INFORMATION SUPPLIED:
--------------------------------------------------

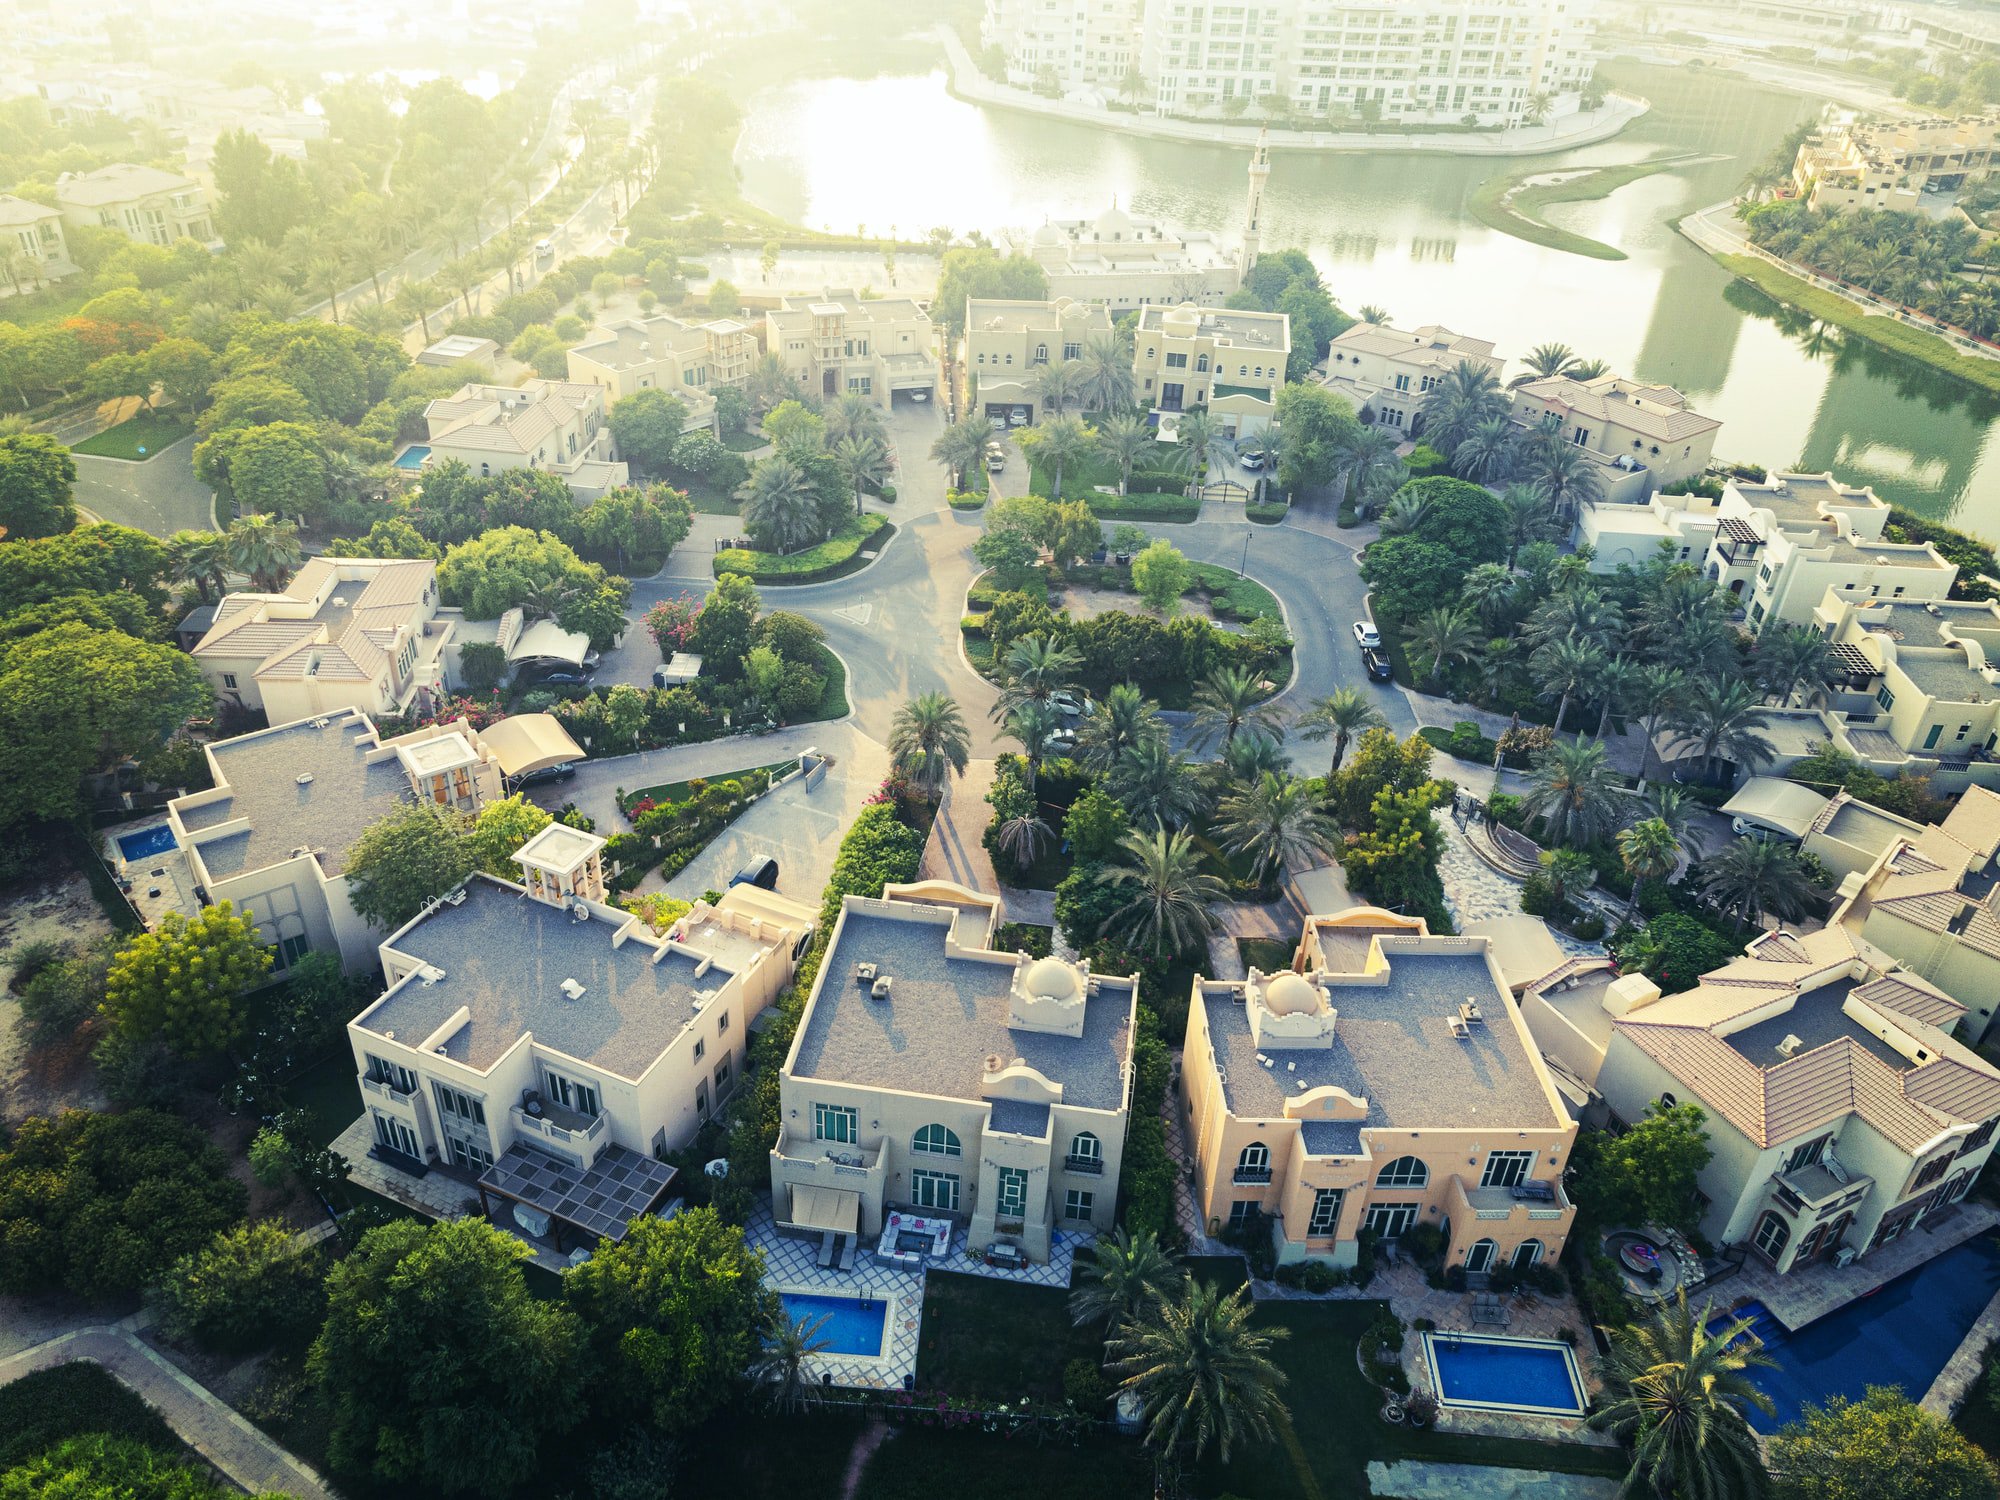 Significant Factors that Will Benefit the Dubai Real Estate Market
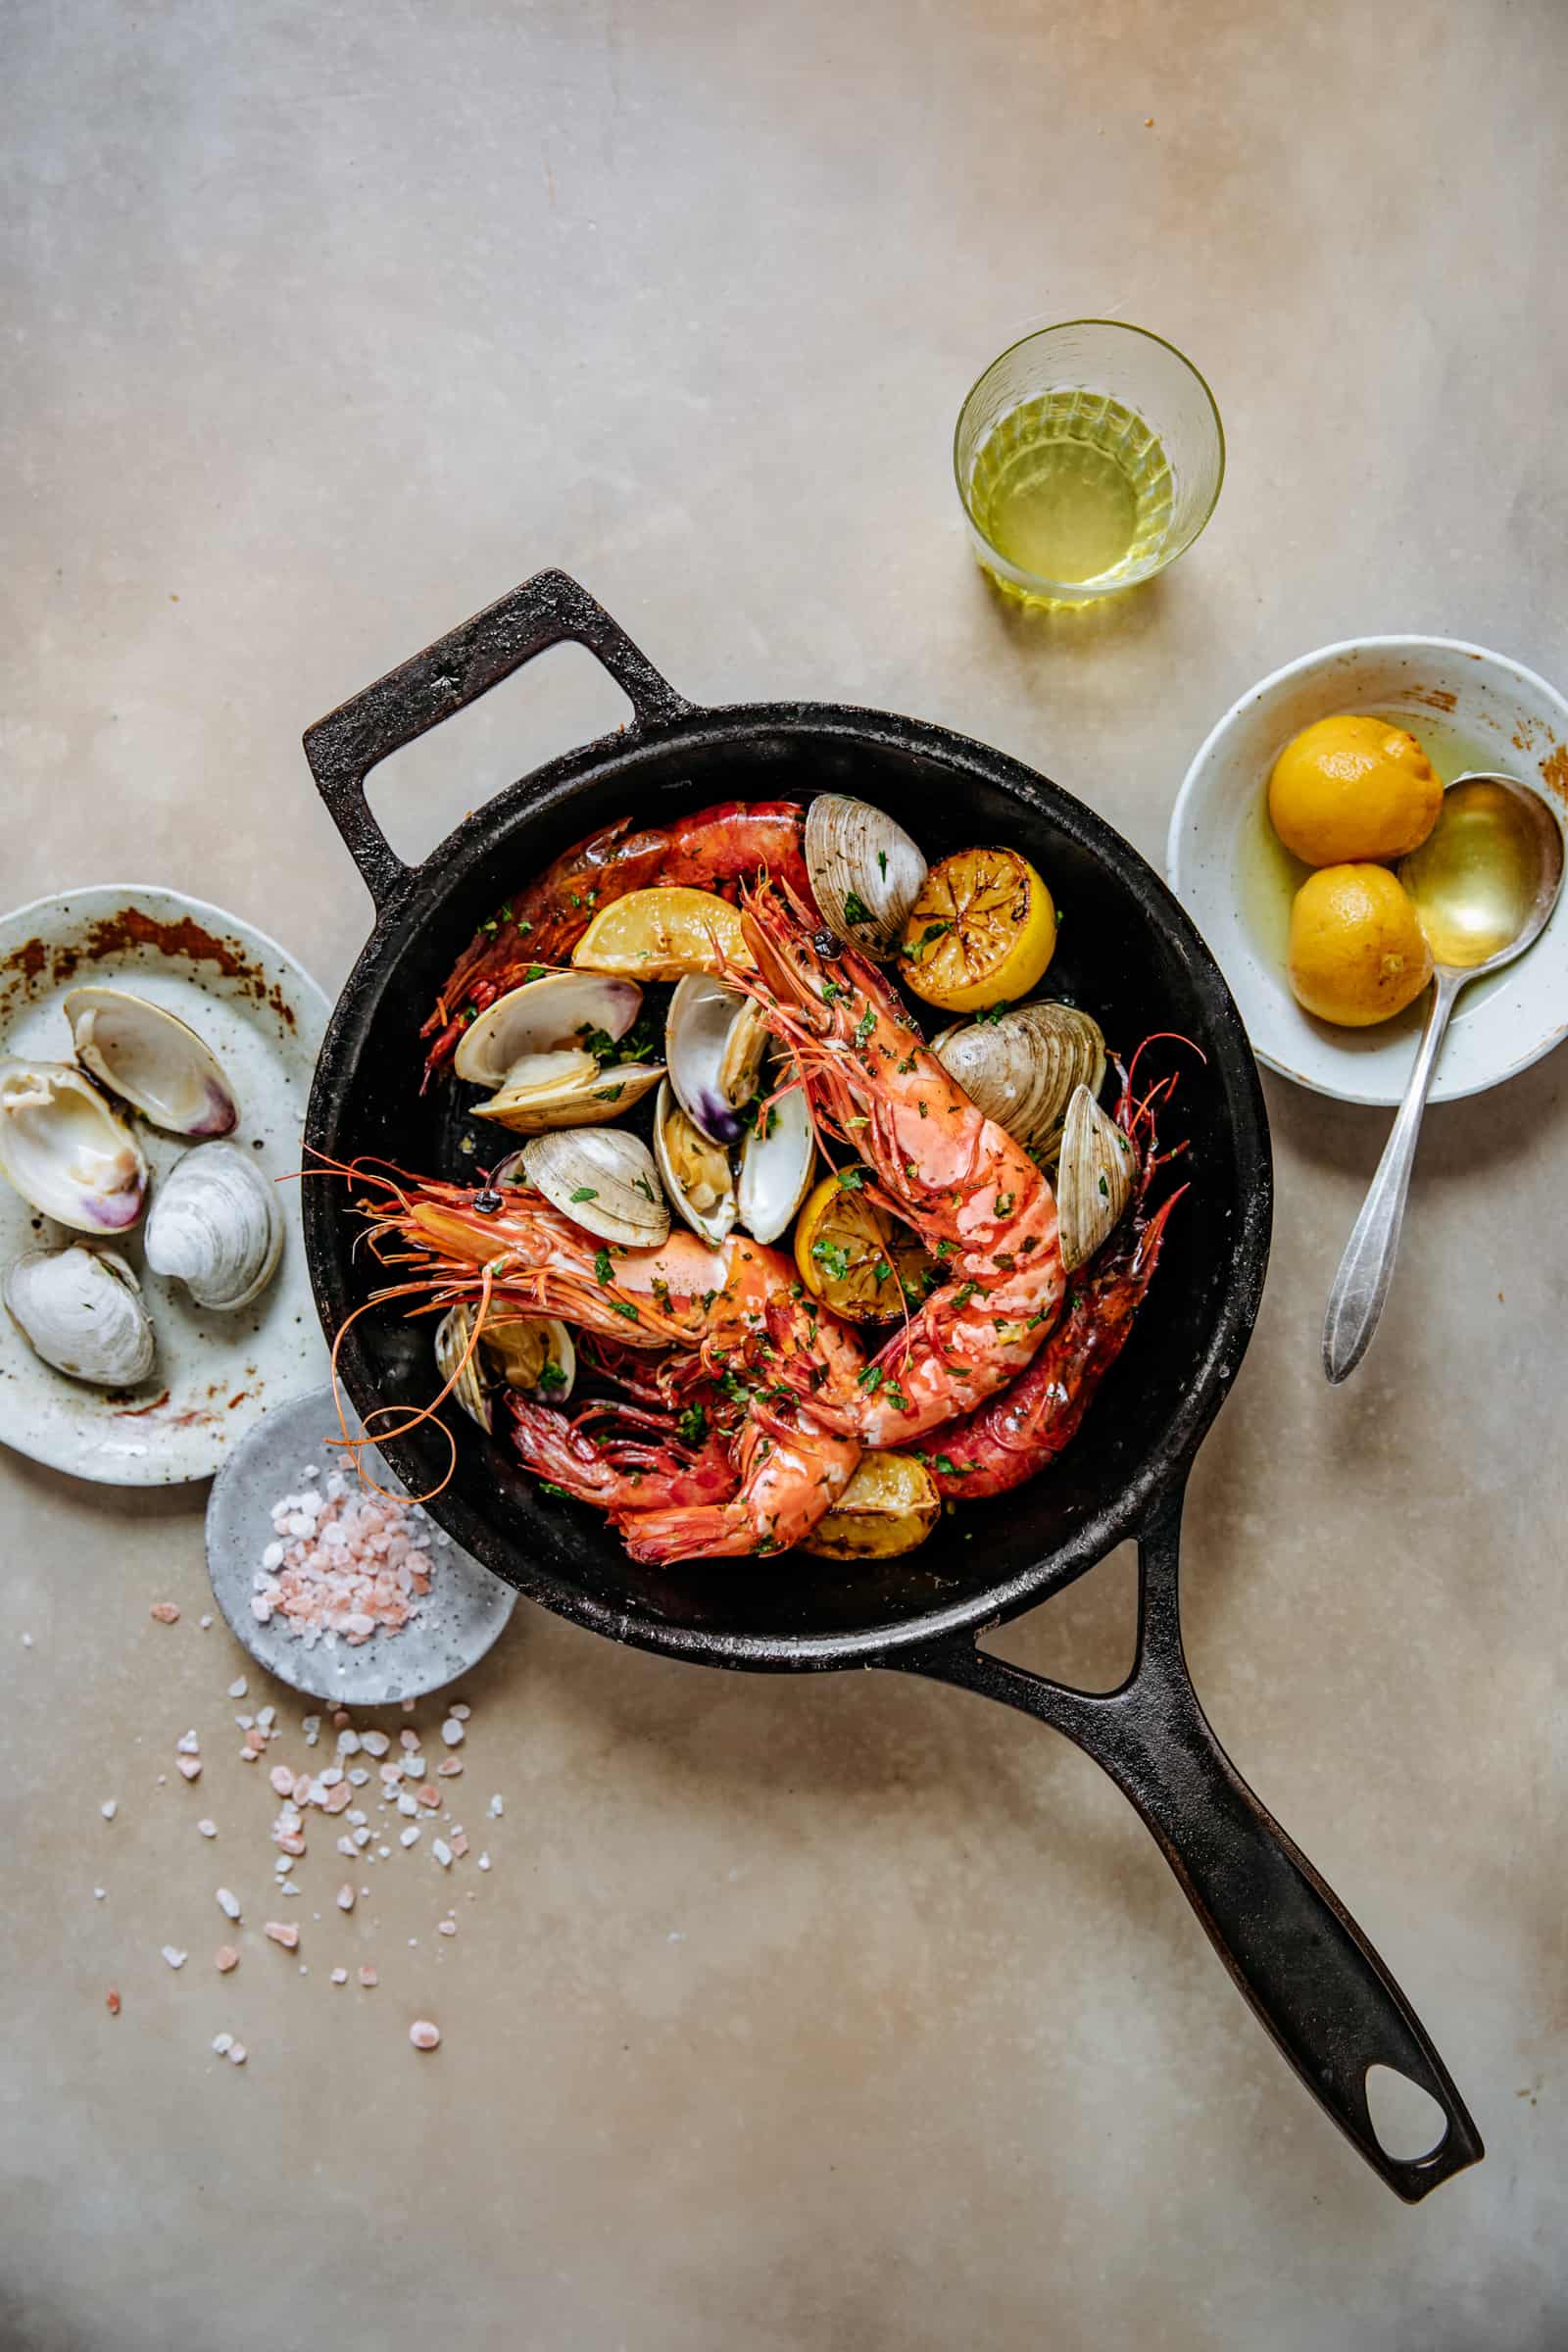 https://www.add1tbsp.com/wp-content/uploads/2018/07/20180726-Roasted-Prawns-with-Clams-and-Gremolata-2.jpg
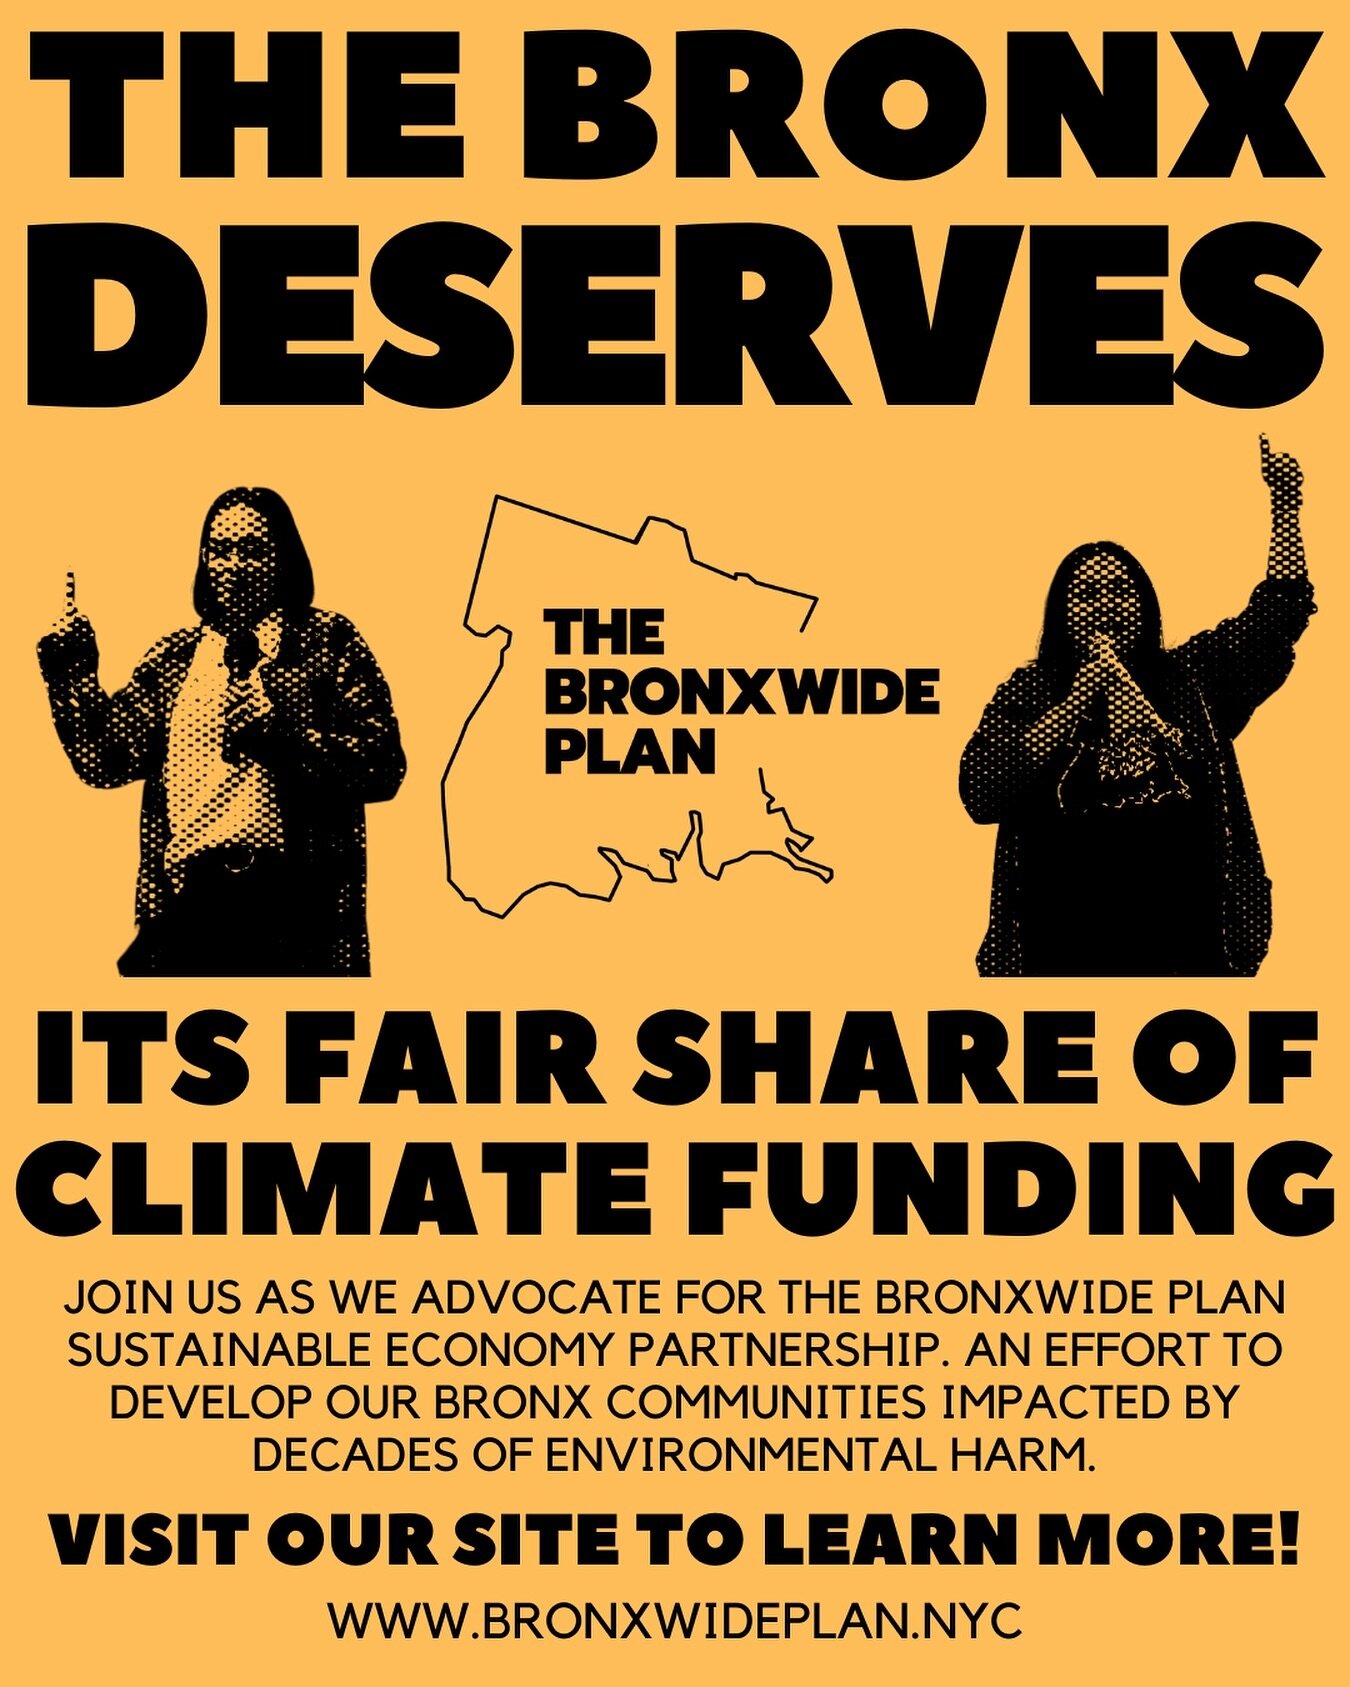 For decades the Bronx has been disproportionately harmed by environmental injustice, and particularly the harms of living in poor housing conditions and with poor air quality!

We deserve better and we demand that our state legislators direct critica

--------------------------------------------------

WHAT YOU HAVE TO DO: Wherever an image sits in the data, omit it; everything else must be copied exactly.

ANSWER TO THIS TASK:
 Significant Factors that Will Benefit the Dubai Real Estate Market
 https://www.add1tbsp.com/wp-content/uploads/2018/07/20180726-Roasted-Prawns-with-Clams-and-Gremolata-2.jpg
 For decades the Bronx has been disproportionately harmed by environmental injustice, and particularly the harms of living in poor housing conditions and with poor air quality!

We deserve better and we demand that our state legislators direct critica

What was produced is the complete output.